Quatorze séances parlementaires ne leur ont pas permis d'élire un président de la République, trois ans ne leur ont pas suffit pour adopter la grille des salaires du secteur public ou voter une nouvelle loi électorale. Mais quelques dizaines de minutes leur ont été largement suffisantes pour proroger, une nouvelle fois, leur propre mandat de deux ans et sept mois.
Les députés libanais, réunis mercredi en séance plénière, ont voté à une large majorité la prorogation du mandat du Parlement qui expire le 20 novembre. Sur les députés présents, 95 ont voté pour et deux contre. Il s'agit de la deuxième prorogation du mandat de cette Chambre élue en 2009. Le 31 mai 2013, les députés avaient déjà prorogé leur mandat de 17 mois. La nouvelle rallonge leur permet ainsi de compléter une nouvelle législature entière (quatre ans) si l'on additionne cette durée avec celle de la première prorogation.
Le mandat du parlement expire donc désormais le 20 juin 2017.
Tous les blocs parlementaires ont participé à la séance parlementaire à l'exception des députés chrétiens du Courant patriotique libre (CPL) de Michel Aoun et des Kataëb. Le bloc des Forces libanaises (FL) a voté en faveur de la prorogation pour "éviter de tomber dans le vide", ainsi que les députés du Courant Marada de Sleimane Frangié et les chrétiens indépendants du 14 Mars.
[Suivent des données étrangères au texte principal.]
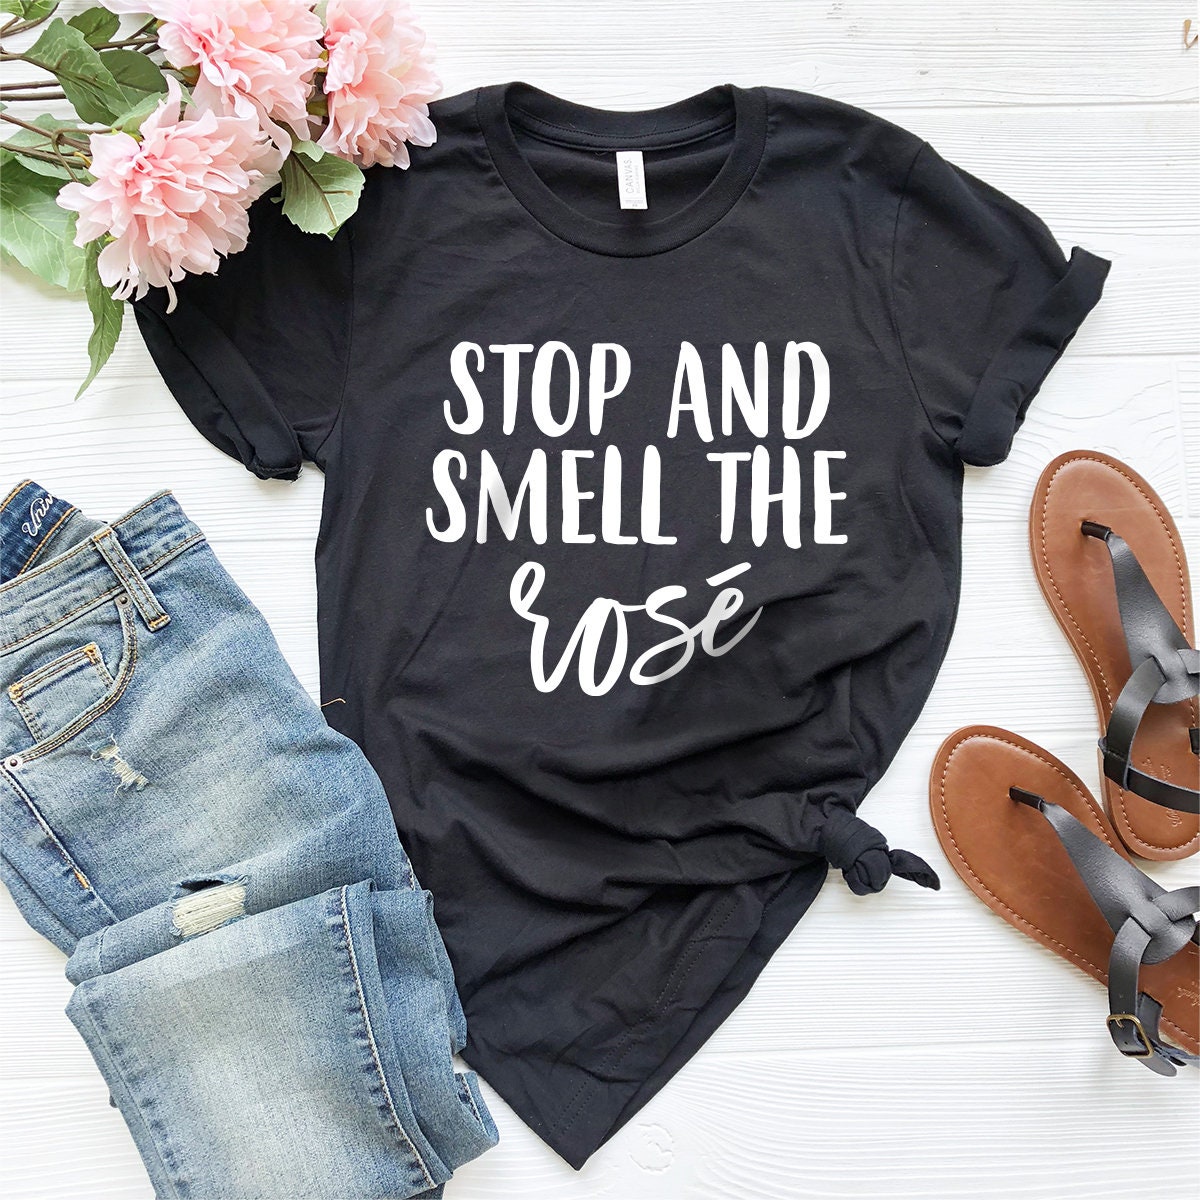 Stop And Smell The Rose T-Shirt, Wine Shirt, Wine Lover Shirt, Wine Tee, Funny Wine Shirt, Drinking Shirt, Wine Tshirt, Drinker Shirt - Fastdeliverytees.com

Le Tachnag, principal parti arménien, a voté contre la rallonge. Tous les blocs musulmans, dont ceux du Hezbollah, du président de la Chambre Nabih Berry, du Courant du Futur et du leader druze Walid Joumblatt ont voté en faveur de la prorogation.
Les partisans de la prorogation invoquent la vacance de la présidence et la situation sécuritaire précaire au Liban pour justifier leur position.
Au Parlement, la députée membre des FL, Sethrida Geagea, a affirmé mercredi que son parti aurait "préféré que des élections aient eu lieu". "Le blocage de la présidentielle nous a conduits à la prorogation. Sans la prorogation nous aurions été vers le vide. Les FL sont prêtes à prendre des décisions qui ne sont pas populaires pour sauver la nation", a-t-elle ajouté.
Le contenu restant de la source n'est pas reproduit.